3rd Matilda White Riley Honors: 2008

John B. McKinley, Ph.D.

Distinguished Lecturer: John B. McKinlay, Ph.D.
Vice President and Director
New England Research Institutes, Inc.
Presentation: Looking for Causes in All the Wrong Places: Upstream Social Determinants of Downstream Health Disparities

 

 

Biography

The NIH Office of Behavioral and Social Sciences Research awarded the Third Matilda White Riley Lectureship to John. B. McKinlay, Ph.D. Dr. McKinlay is the senior vice president and chief scientist of the New England Research Institutes (Watertown, Massachusetts). He is an internationally prominent epidemiologist with interests and experience in public health, epidemiologic field studies, clinical decision-making, and health policy. He was, for several decades, a distinguished academic and administrator (at Boston University [BU]), holding simultaneous professorships in medicine, biostatistics and epidemiology, and sociology and directing BU's Center for Health and Advanced Policy Studies and its Gerontology Institute. He has been a member of the Division of Medicine at the Massachusetts General Hospital (Harvard Medical School) for 25 years.

Dr. McKinlay is the recipient of many awards and honors, including an NIH MERIT Award, an American Psychological Association award for Distinguished and Pioneering Contributions to Research on Women's Health, and the American Sociological Association's Leo G. Reeder Award for Distinguished Contributions to Medical Sociology. He is the author, co-author, or editor of more than 250 professional papers and 17 books. Several of his papers have been designated "citation classics."

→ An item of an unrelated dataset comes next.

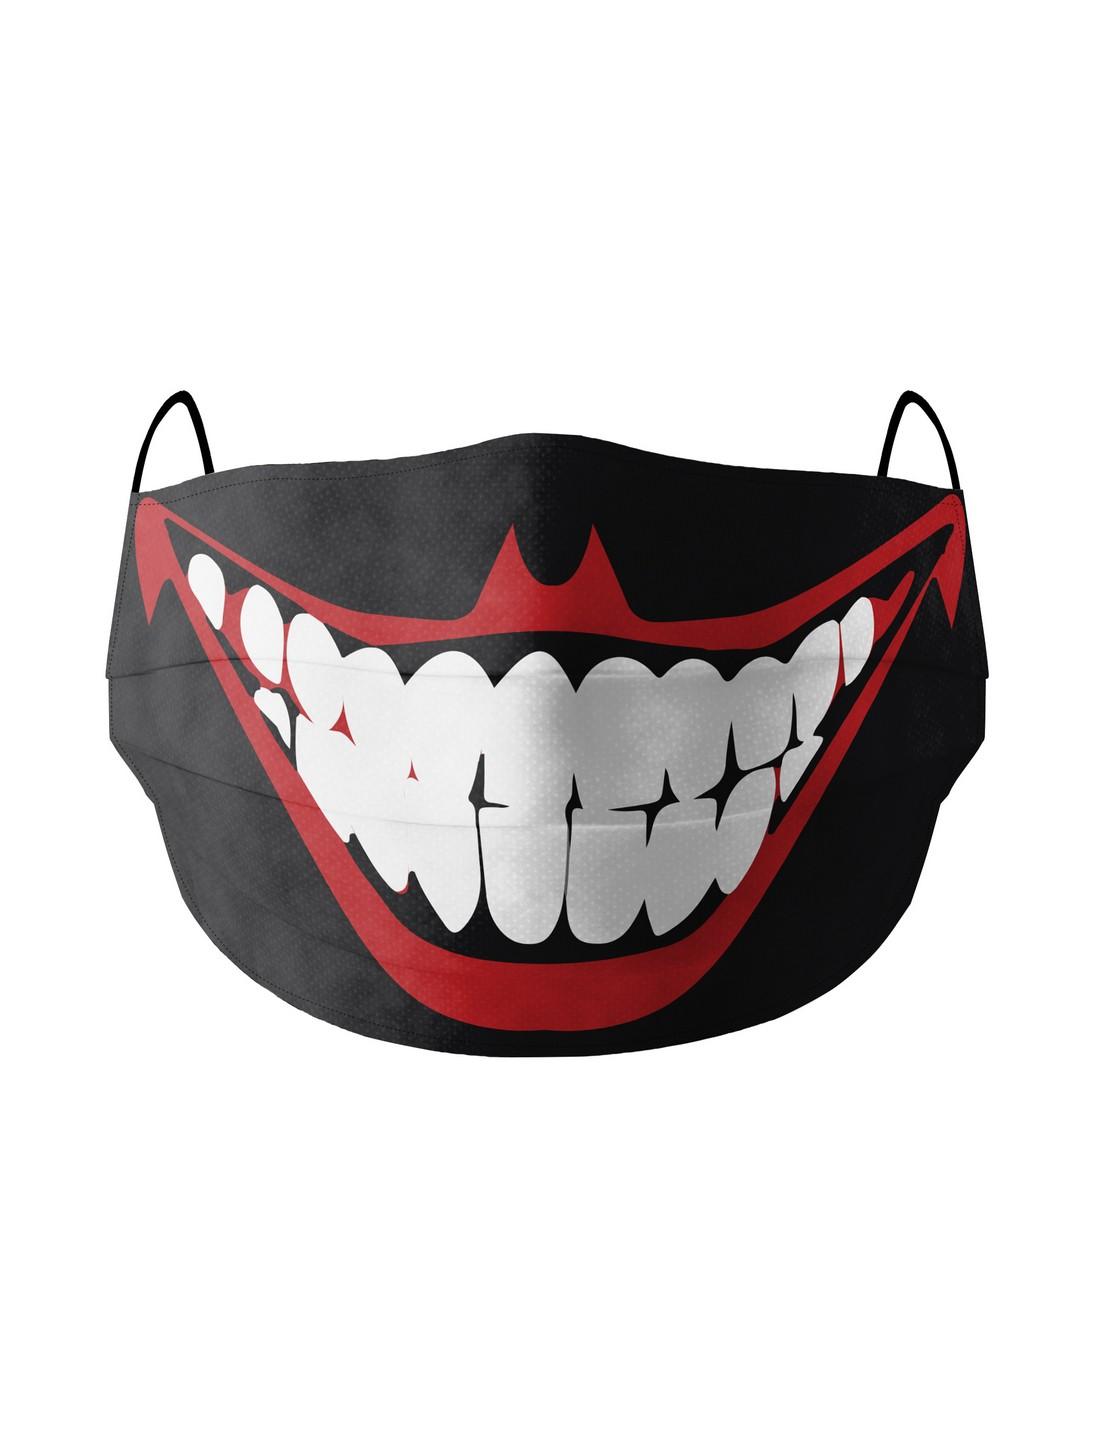 Soxytoes | Soxytoes Black Stylish Protective Washable Mouth Cover Face Mask

Dr. McKinlay's career-lifelong commitment to social epidemiology began in his native New Zealand with studies of heart disease among native Maoris and the health consequences of migration by Polynesian Tokelau Islanders. Since 1973, Dr. McKinlay has collaborated on studies of menopause—culminating in the highly regarded Massachusetts Women's Health Study. His own Massachusetts Male Aging Study (a longitudinal investigation of more than 1,700 men) continues to make pioneering contributions in such fields as endocrinology, urology, cardiovascular disease, geriatrics, and behavioral medicine. Dr. McKinlay is presently leading NIH-funded research on the epidemiology of erectile dysfunction (impotence). With support from the NIH, he is establishing a population epidemiologic laboratory in the Boston inner-city area, involving more than 5,000 individuals randomly sampled and followed over time. This study is designed to look at a range of urologic conditions, as well as diabetes and the metabolic syndrome, in men and women of diverse race and ethnicity. With colleagues at the Boston Medical Center, he is conducting the first large epidemiological study (n = 1,100) of osteoporosis in a racial and ethnically diverse population of aging men. He is also conducting a study (employing complex factorial experimental designs) on nonmedical influences and how they influence clinical decision-making in both the United States and the United Kingdom. This last area is producing highly relevant results for the rapidly emerging managed care environment in the United States.